79) Over the Past Three Months, How Has the Duration and Persistence of Mark and Collateral Disputes Relating to Lending Against Each of the Following Collateral Types Changed?| E. Non-Agency Rmbs. | Answer Type: Increased Somewhat

ALLQ79EISNR • Economic Data from Federal Reserve Economic Data (FRED)

Latest Value

0.00

Year-over-Year Change

N/A%

Date Range

10/1/2011 - 1/1/2025

Summary

Tracks changes in lending dispute duration and persistence for non-agency RMBS. Provides insights into financial market complexity and risk assessment.

Analysis & Context

This economic indicator provides valuable insights into current market conditions and economic trends. The data is updated regularly by the Federal Reserve and represents one of the most reliable sources for economic analysis.

Understanding this metric helps economists, policymakers, and investors make informed decisions about economic conditions and future trends. The interactive chart above allows you to explore historical patterns and identify key trends over time.

About This Dataset

Measures shifts in collateral dispute characteristics for non-agency residential mortgage-backed securities. Indicates potential market friction and lending challenges.

Methodology

Calculated through quarterly survey responses about dispute intensity and duration.

Historical Context

Critical for understanding financial market risk and lending environment dynamics.

Key Facts

  • Indicates non-agency RMBS dispute trends
  • Reflects lending market complexity
  • Helps assess financial market friction

FAQs

Q: What does ALLQ79EISNR measure?

A: Tracks changes in duration and persistence of lending disputes for non-agency RMBS.

Q: Why are mortgage dispute trends important?

A: They reveal potential risks and friction in mortgage-backed securities markets.

Q: How frequently is this data updated?

A: Quarterly updates provide ongoing insights into lending dispute dynamics.

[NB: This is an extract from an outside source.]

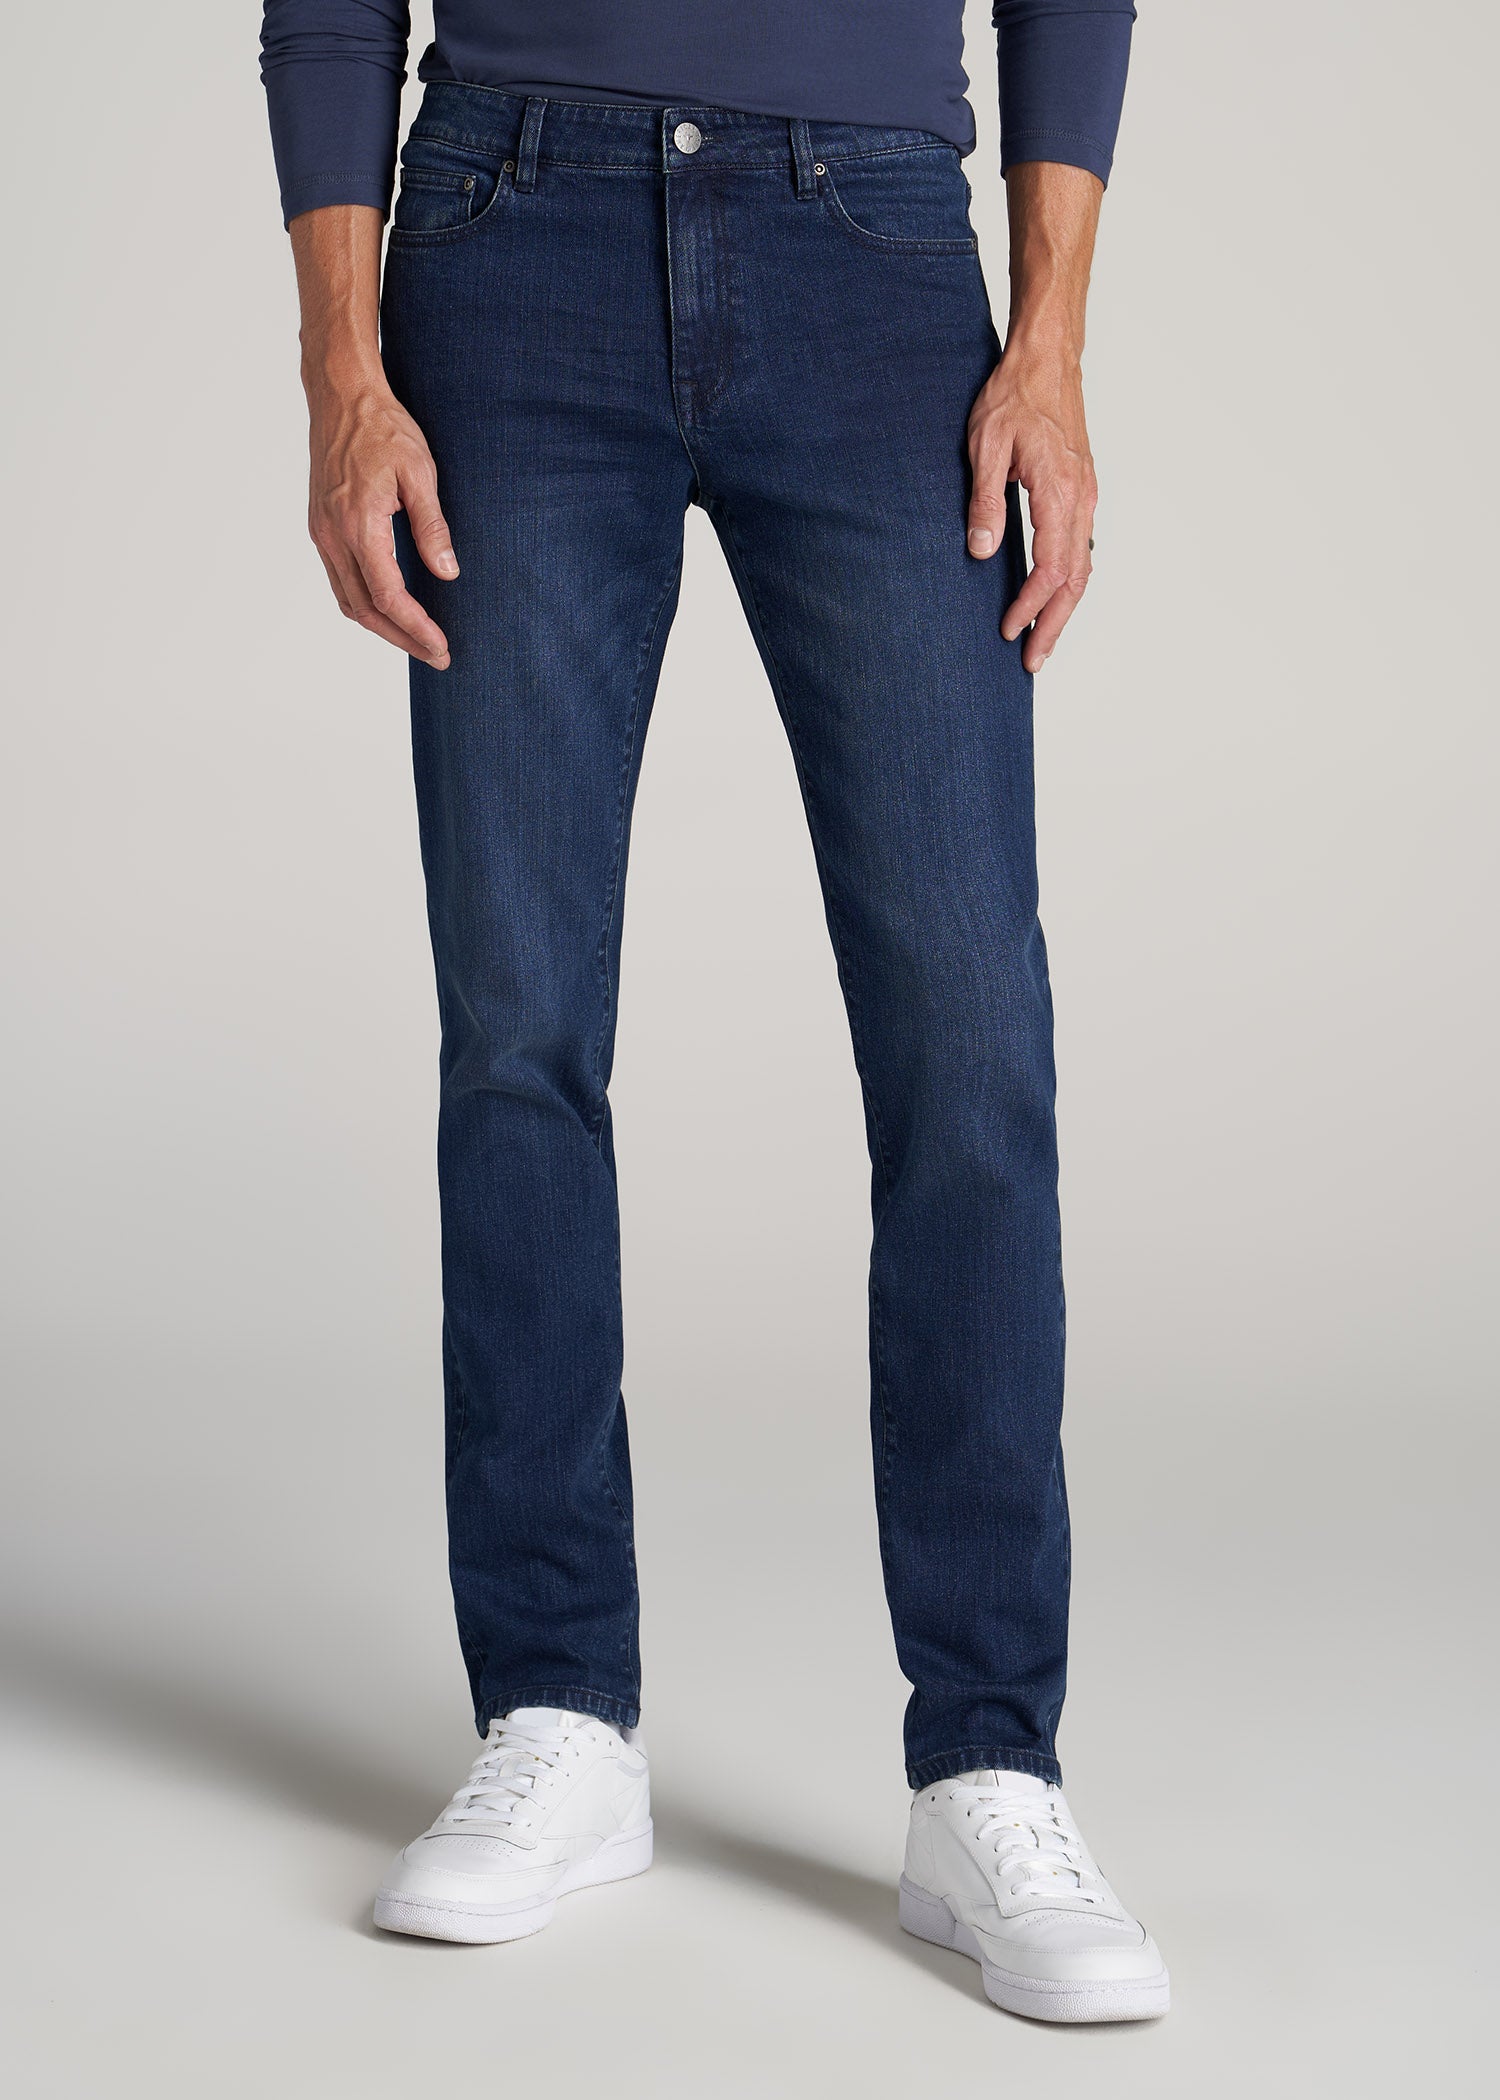 Tall Jeans Mens: Dylan Slim Fit Jeans New Fade For Tall Men

Q: What do increased disputes indicate?

A: May signal growing complexity or uncertainty in mortgage lending markets.

Q: Are there limitations to this data?

A: Represents survey perceptions and may not capture entire market complexity.

Related Trends

8) Considering the Entire Range of Transactions Facilitated by Your Institution for Such Clients, How Has the Use of Financial Leverage by Hedge Funds Changed over the Past Three Months?| Answer Type: Decreased Somewhat

ALLQ08DSNR

51) Over the Past Three Months, How Has the Duration and Persistence of Mark and Collateral Disputes Relating to Contracts of Each of the Following Types Changed?| C. Equity. | Answer Type: Decreased Somewhat

ALLQ51CDSNR

6) To the Extent That the Price or Nonprice Terms Applied to Hedge Funds Have Tightened or Eased Over the Past Three Months (as Reflected in Your Responses to Questions 4 and 5), What Are the Most Important Reasons for the Change?| B. Possible Reasons for Easing | 7. More-Aggressive Competition from Other Institutions. | Answer Type: 3rd Most Important

CTQ06B73MINR

66) Over the Past Three Months, How Have the Terms Under Which Non-Agency Rmbs Are Funded Changed?| A. Terms for Average Clients | 3. Haircuts. | Answer Type: Eased Somewhat

ALLQ66A3ESNR

37) To the Extent That the Price or Nonprice Terms Applied to Nonfinancial Corporations Have Tightened or Eased over the Past Three Months (as Reflected in Your Responses to Questions 35 and 36), What Are the Most Important Reasons for the Change?| A. Possible Reasons for Tightening | 7. Less-Aggressive Competition from Other Institutions. | Answer Type: First in Importance

ALLQ37A7MINR

74) Over the Past Three Months, How Have the Terms Under Which Consumer ABS (for Example, Backed by Credit Card Receivables or Auto Loans) Are Funded Changed?| B. Terms for Most Favored Clients, as a Consequence of Breadth, Duration And/or Extent of Relationship | 4. Collateral Spreads Over Relevant Benchmark (Effective Financing Rates). | Answer Type: Eased Considerably

SFQ74B4ECNR

Citation

U.S. Federal Reserve, Lending Dispute Changes (ALLQ79EISNR), retrieved from FRED.